→ Stored data
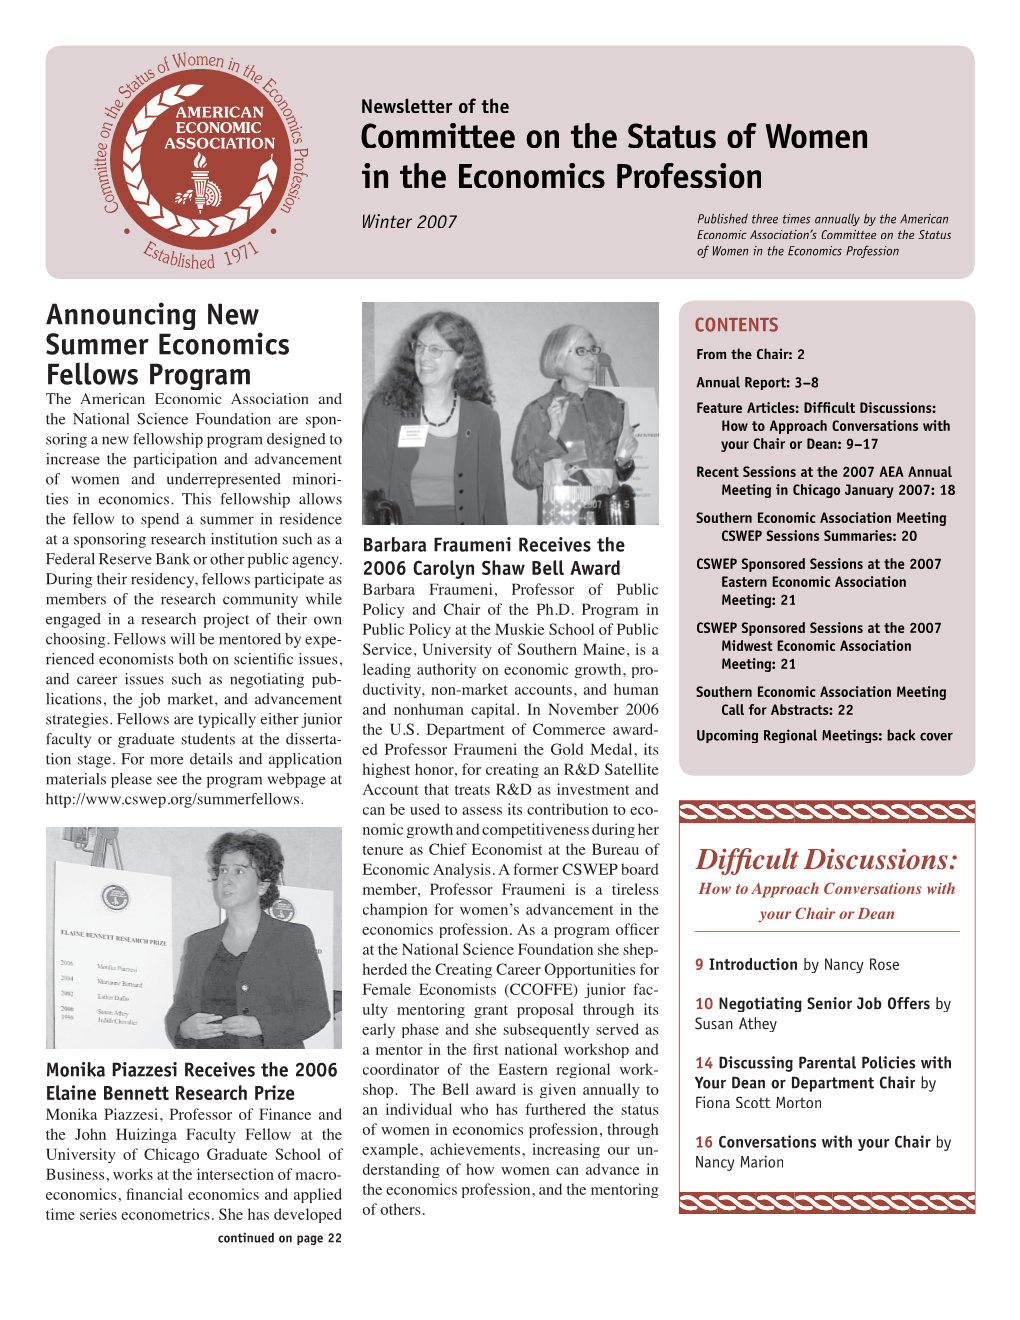 Committee on the Status of Women in the Economics Profession
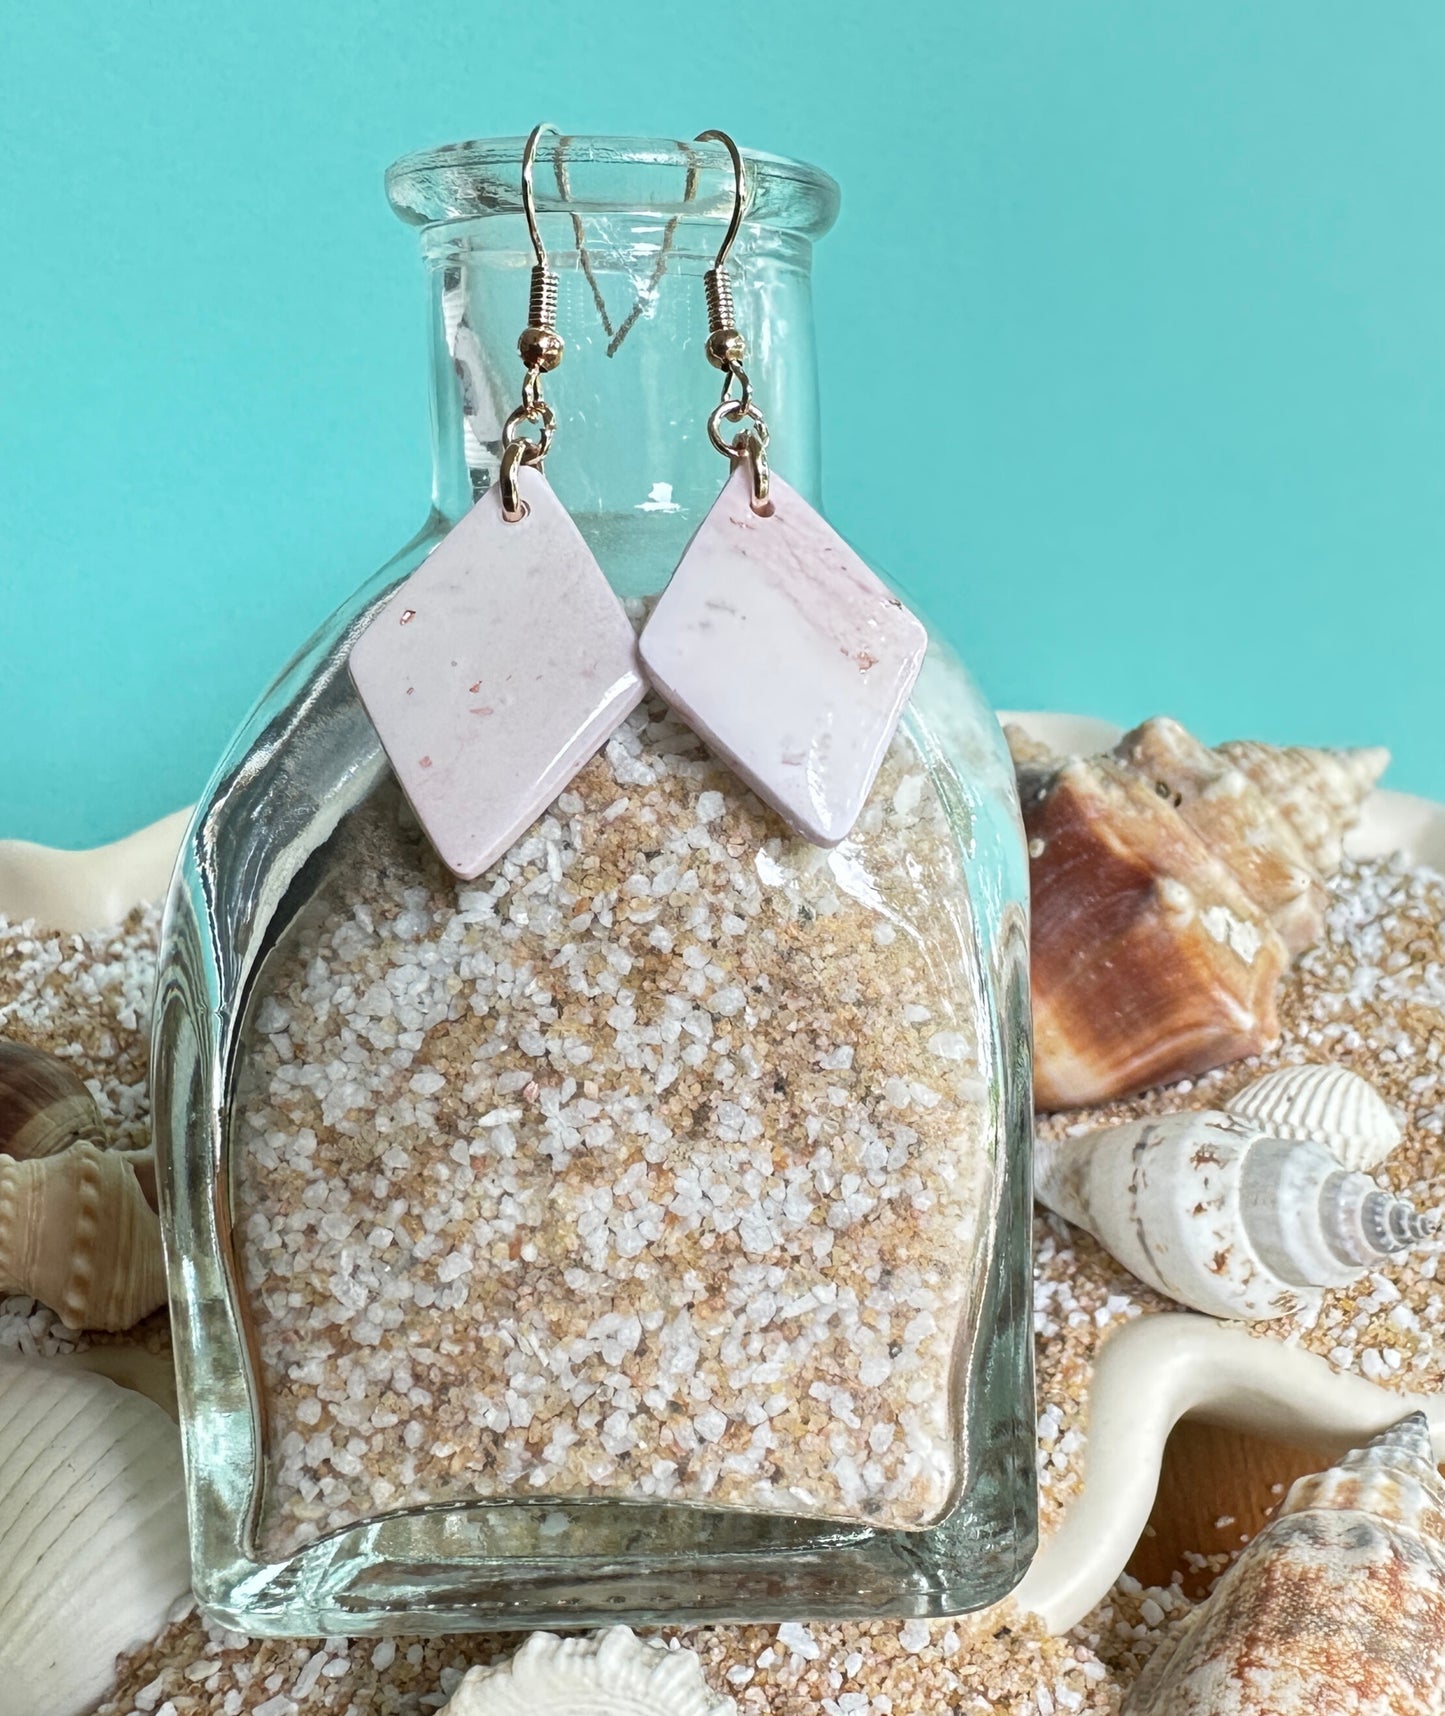 Champagne Shimmer Diamond-Shaped polymer clay dangle earrings hanging on a bottle of sand surrounded by sand and seashells. Colors are light pinks and small gold flecks. Rose gold colored hooks and rings made of  nickel-free iron.
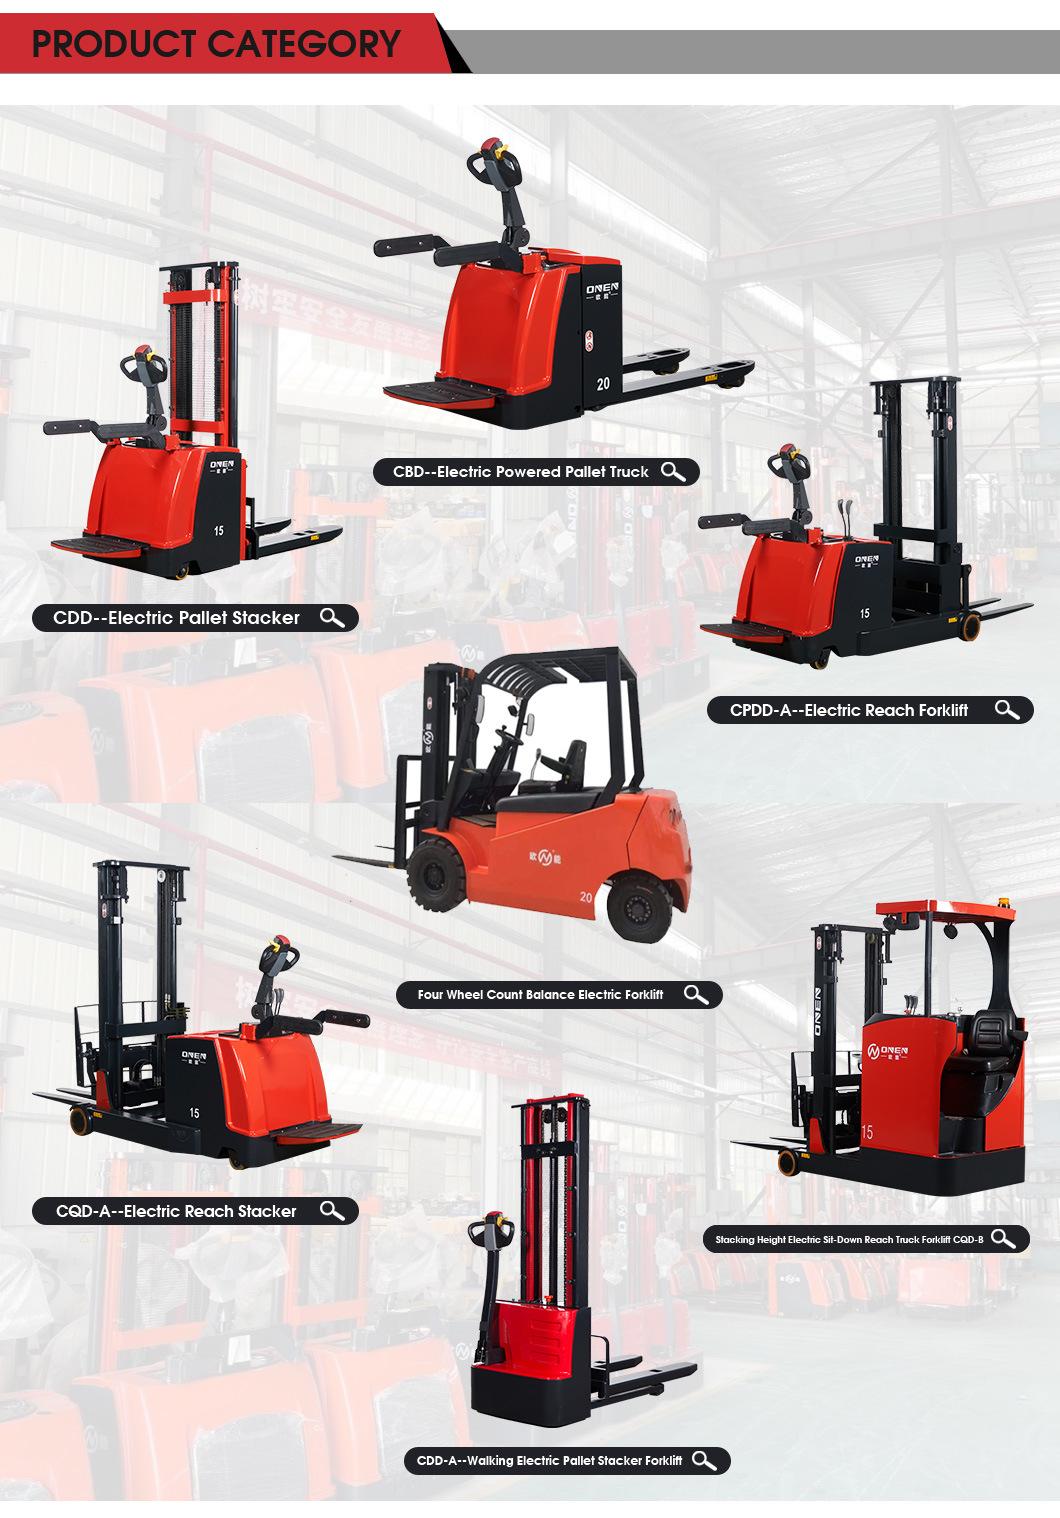 China Factory Price OEM/ODM Customization Is Accept 1000kg-2500kg Electric Pallet Truck Stacker Electric Forklift with CE and ISO14001/9001 Best Price

→ Exercise
The required output is each line above restated verbatim, with all images omitted.

→ Exercise result
 Committee on the Status of Women in the Economics Profession
 Champagne Shimmer Diamond-Shaped polymer clay dangle earrings hanging on a bottle of sand surrounded by sand and seashells. Colors are light pinks and small gold flecks. Rose gold colored hooks and rings made of  nickel-free iron.
 China Factory Price OEM/ODM Customization Is Accept 1000kg-2500kg Electric Pallet Truck Stacker Electric Forklift with CE and ISO14001/9001 Best Price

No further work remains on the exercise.